Admissibility of a Dispute before the International Court of Justice (ICJ)

-DHARMIL DOSHI, SVKM’s Pravin Gandhi College of Law, Mumbai University.

The International Court of Justice (ICJ): The United Nations Charter not only requires States to solve their conflicts peacefully; but also provides a forum for the judicial settlement of disputes in accordance with international law. States “should be fully aware” of the role of the International Court of Justice, which is the principal judicial organ of the United Nations, for the settlement of legal disputes among them. Article 94 of the UN Charter states that “each Member of the United Nations undertakes to comply with the decision of the International Court of Justice in any case to which it is a party.”

Questions of Jurisdiction:  In international law, admissibility of a dispute refers to the character that an application, a pleading or evidence must present to be examined by the authority it is submitted to[1]. In several cases, States have questioned the jurisdiction of the ICJ to adjudicate upon a matter.

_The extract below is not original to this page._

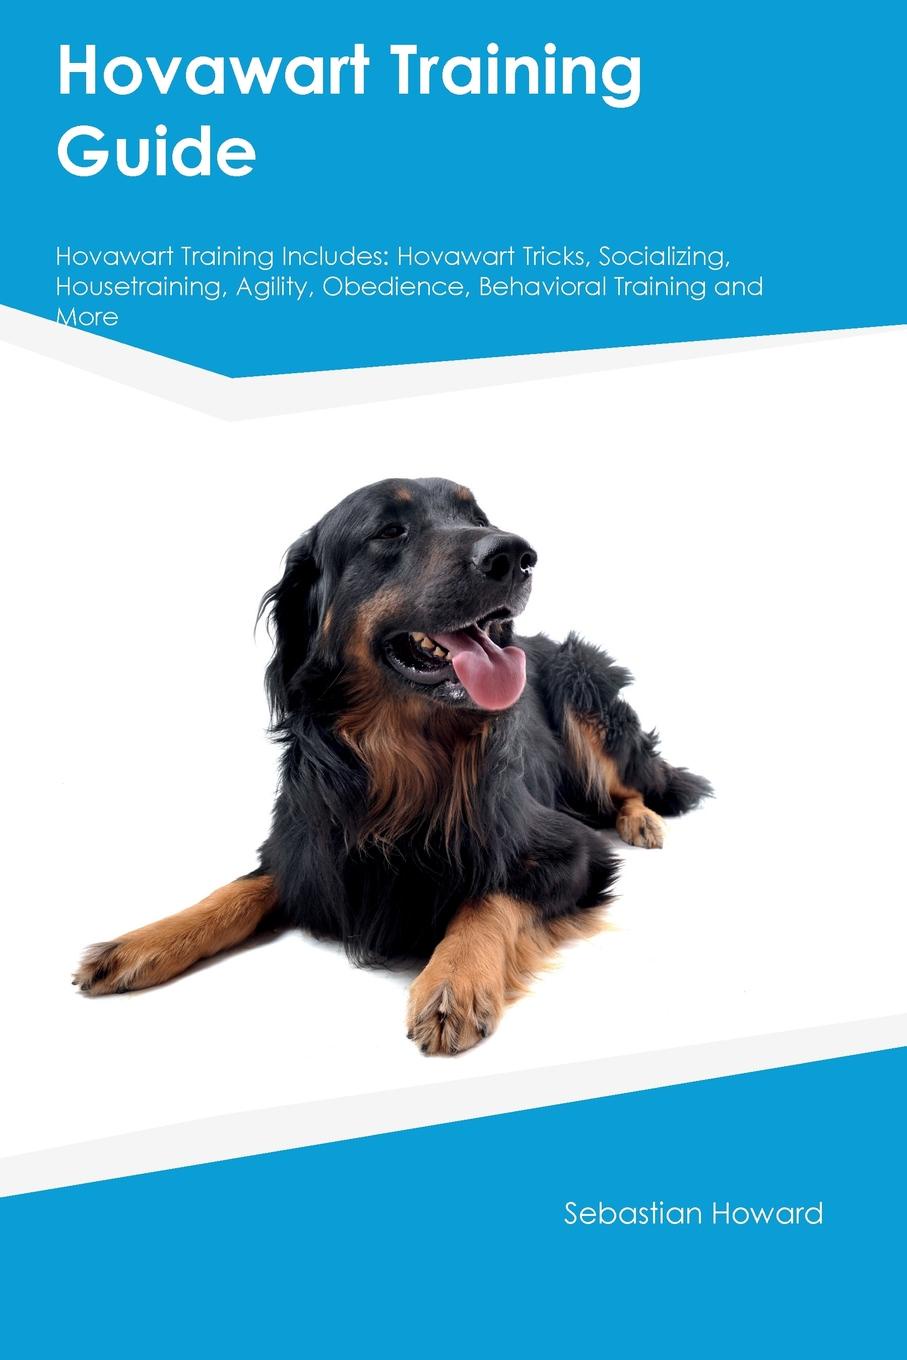 Hovawart Training Guide Hovawart Training Includes. Hovawart Tricks, Socializing, Housetraining, Agility, Obedience, Behavioral Training and More

Competence de la competence principle of law provides a court the prerogative to determine whether the court possesses the judicial right of exercising jurisdiction in a given matter. The ICJ is specifically empowered to exercise this right under Article 36(6) of its Statute which states that “in the event of a dispute whether the Court has jurisdiction, the matter shall be settled by the decision of the Court.” If a State has not recognized the jurisdiction of the Court at the time when an application instituting proceedings is filed against it, that State has the possibility of subsequently accepting such jurisdiction to enable the Court to entertain the case; the Court, thus has the jurisdiction as of the date of acceptance under the forum prorogatum rule. Generally, in the advisory, contentious and as mentioned above in the compulsory jurisdiction of the ICJ, the consent of the State parties is incorporated for Judicial recourse.

Objections to Admissibility: If objections to jurisdiction are not successful, the ICJ would usually initiate proceedings to rule on the admissibility of the claims[2]. Not only shall ICJ have the relevant jurisdiction, but also the dispute must be admissible before the court. While raising issues upon admissibility, the respondent must have consented to the Court’s jurisdiction ab initio, but objects to the determination of the dispute by virtue of other grounds. Inadmissibility of a claim may be declared on such grounds including the inexistence or character of a dispute[3], the exhaustion of local remedies[4] or procedural issues such as lis pendens.[5]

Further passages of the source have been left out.